Like CD4 cell count, CD4 percentage at baseline was lower in Côte d'Ivoire than in France (P < 0.01), and the difference did not vary (P = 0.20) during follow-up (Table 3). In both cohorts, low cell-associated HIV-1 DNA was associated with a higher CD4+ percentage at enrollment but not with CD4+ percentage decline (Fig. 2D). The association of HIV RNA and CD4+ percentage did not reach statistical significance. Age was not associated with CD4+ percentage. The effect of gender differed between cohorts (interaction term P = 0.04): male gender was associated with a lower CD4+ percentage at enrollment in the French cohort only (Fig. 2C).
Comparing 2 cohorts of HIV-infected adults in Côte d'Ivoire and in France and taking into account the time since estimated seroconversion, we showed that CD4+ cell count and percentage were lower in Cote d'Ivoire than in France by around 86 CD4 cells per cubic millimeter and 4%, respectively. These differences were already observed during early infection although the rate of CD4+ decline was similar between the 2 cohorts (−63 cells/year). The difference in CD4 between the 2 settings remained similar after adjustment for viral markers.

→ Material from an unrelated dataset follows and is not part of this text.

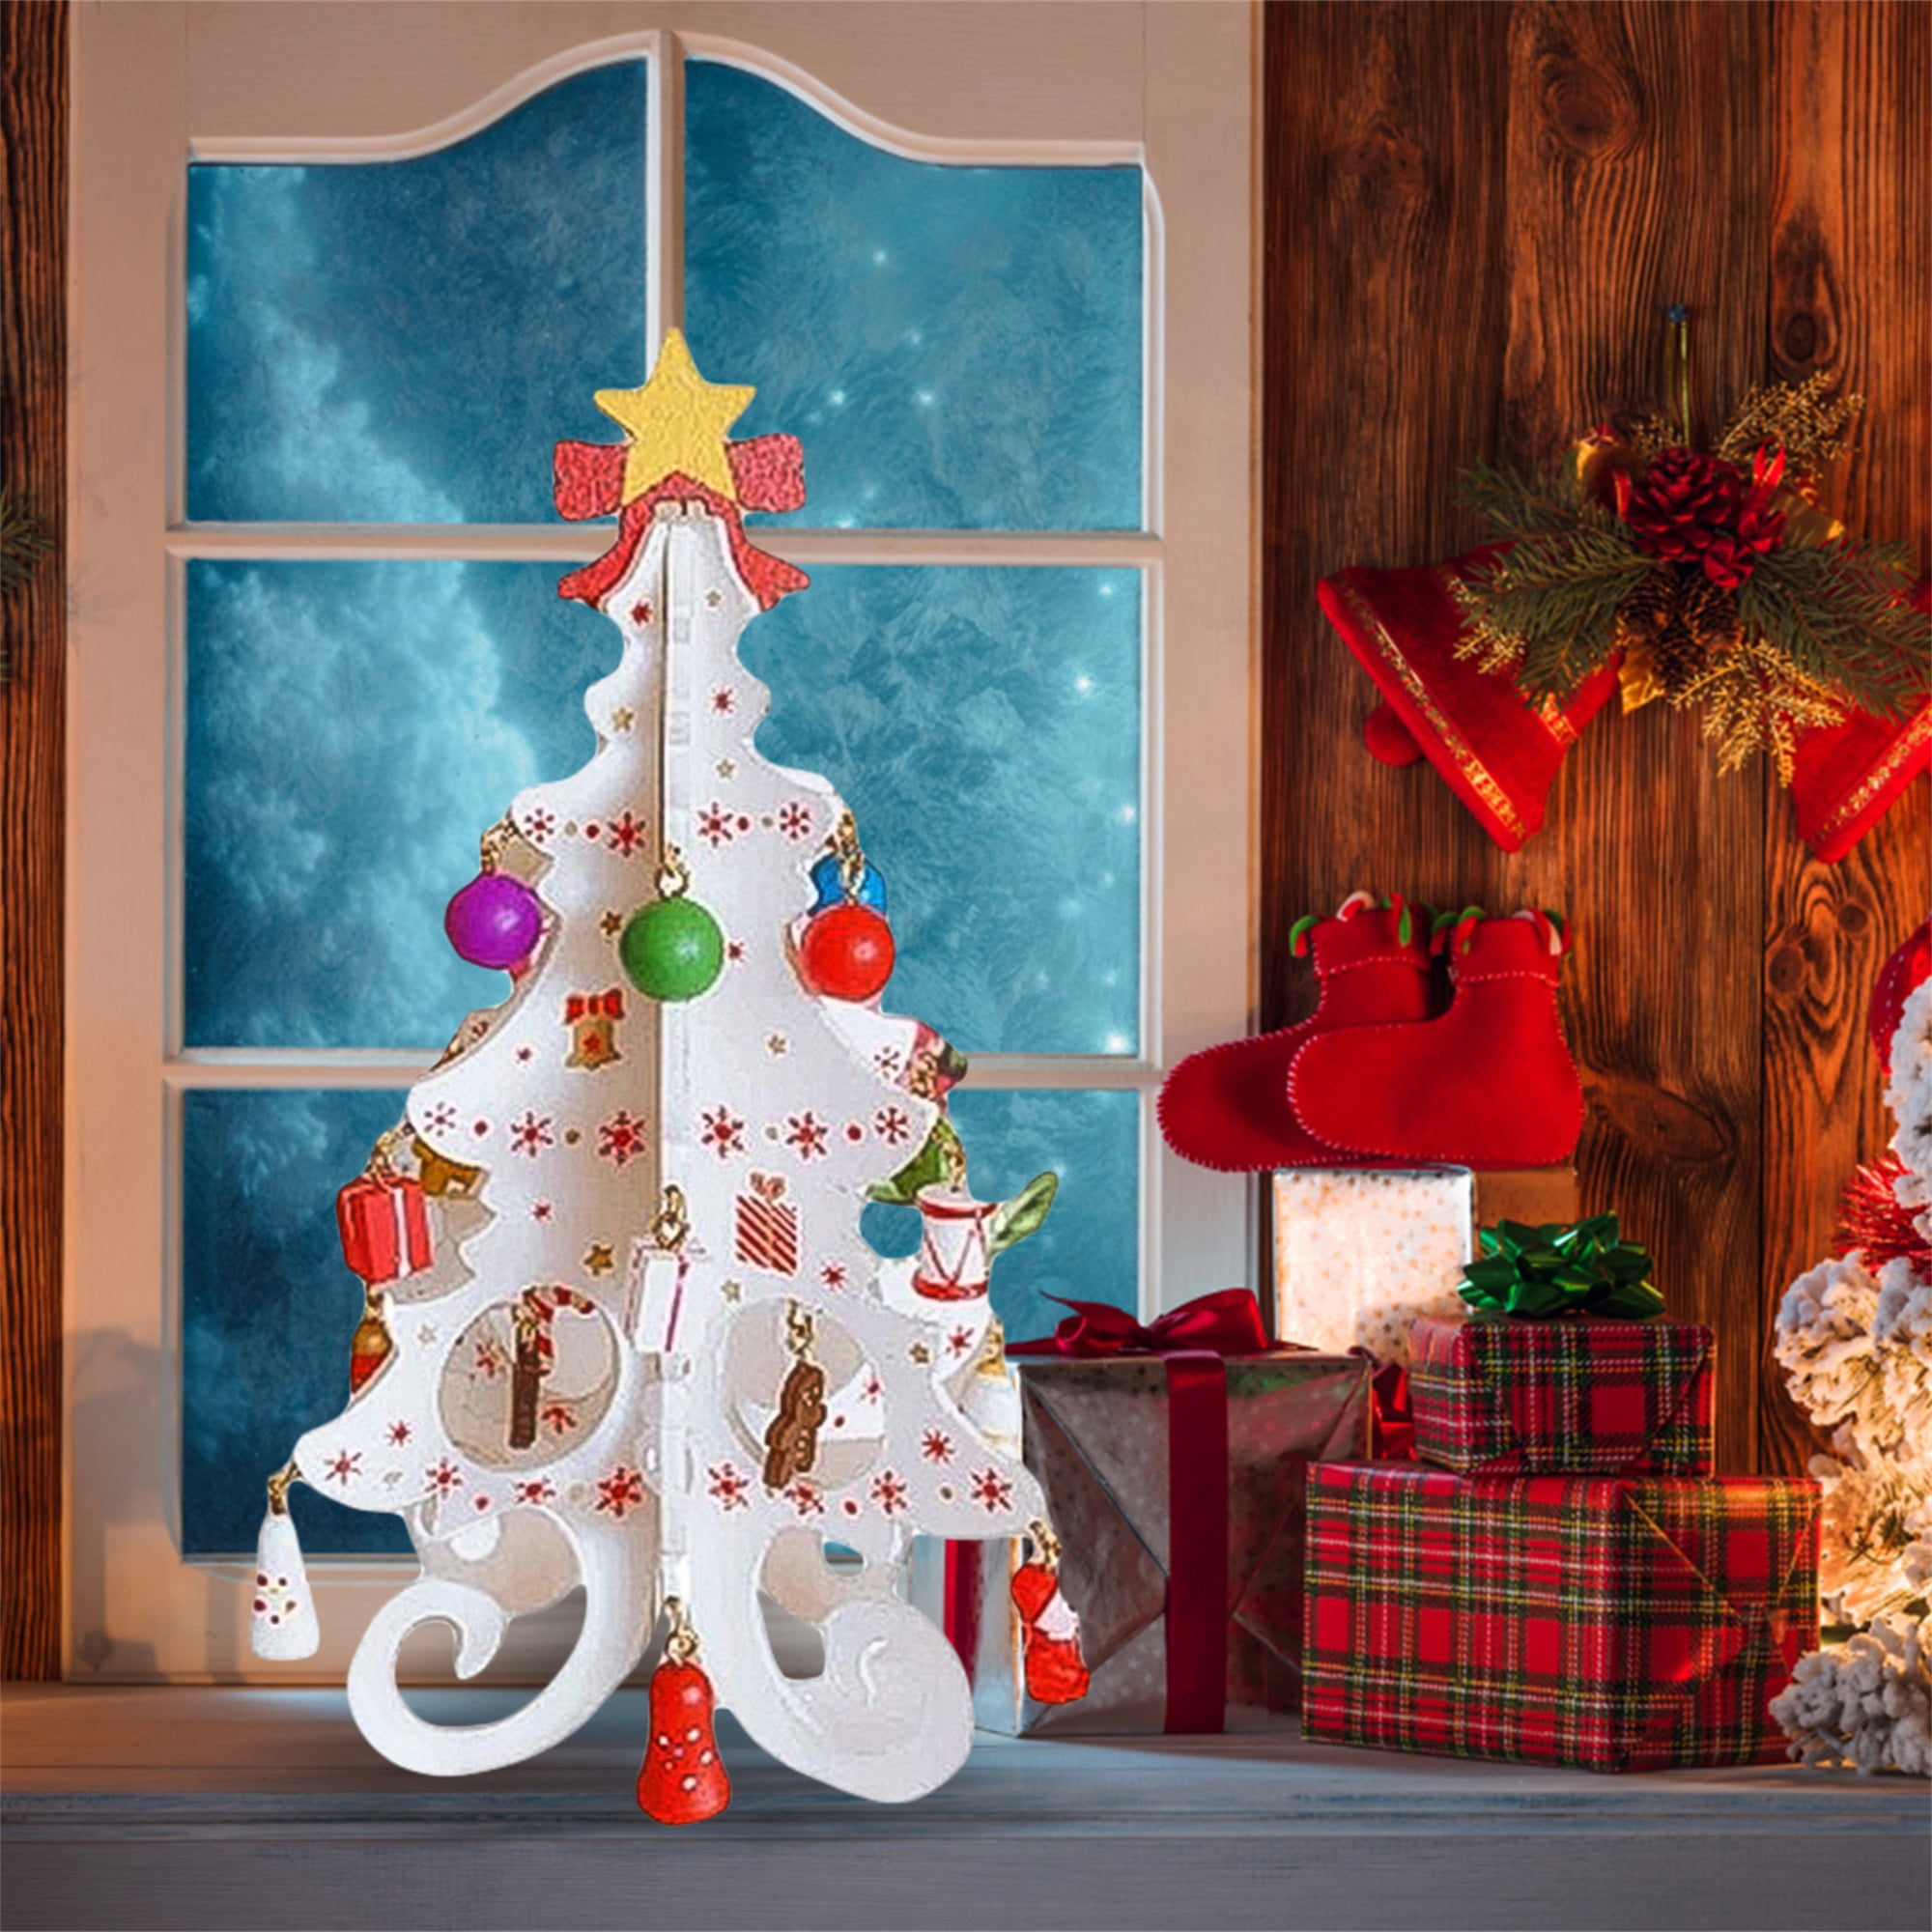 Sunisery Wood Christmas Tree Decor, Cute Standing Desk Ornament Party Favor

Although analyses were performed among HIV seroconverters, the delay between the estimated date of seroconversion and enrollment in the cohort (defining the availability of the first measurements of the markers) prevented a valid estimate of baseline CD4 value, that is, before HIV infection. Hence, estimated differences between baseline values represent differences established very early after primary infection. It would be interesting to confirm these results with different datasets comparing African and non-African HIV-infected subjects prospectively followed since before seroconversion. We censored the follow-up at 2 years after seroconversion to reasonably exclude selection bias that may result from informative lost-to-follow-up due to AIDS or deaths.21
Studies comparing the decline in CD4 cell count after seroconversion between high-income and low-income settings are scarce. Our data are in agreement with data from other cohorts of seroconverters. In Brazil, CD4 cell counts are lower than in the North American Multicenter AIDS Cohort Study (MACS) studies with the same time after seroconversion.12 Among individuals followed in France, those originating from sub-Saharan Africa had a lower CD4+ after seroconversion than non-Africans.13
Our results indicate that the differences in CD4 levels between the 2 settings are established early during HIV infection. This may be the consequence of pathophysiological mechanisms such as higher cell activation resulting in faster decrease in CD4 cell count in the first weeks of HIV infection.22,23 This phenomenon has been attributed to be more frequent in HIV-infected adults living in Africa who are exposed to various infections.24 Several other factors may also play a role in these differences between both settings. The level of CD4 may have been lower in African adults before seroconversion.25 To our knowledge, there is no evidence of differential evolution according the HIV subtype as long as the recombinant CRF02_AG predominant in Cote d'Ivoire is concerned.26 Moreover, several nonmeasurable individual or environmental characteristics may influence CD4 count or evolution.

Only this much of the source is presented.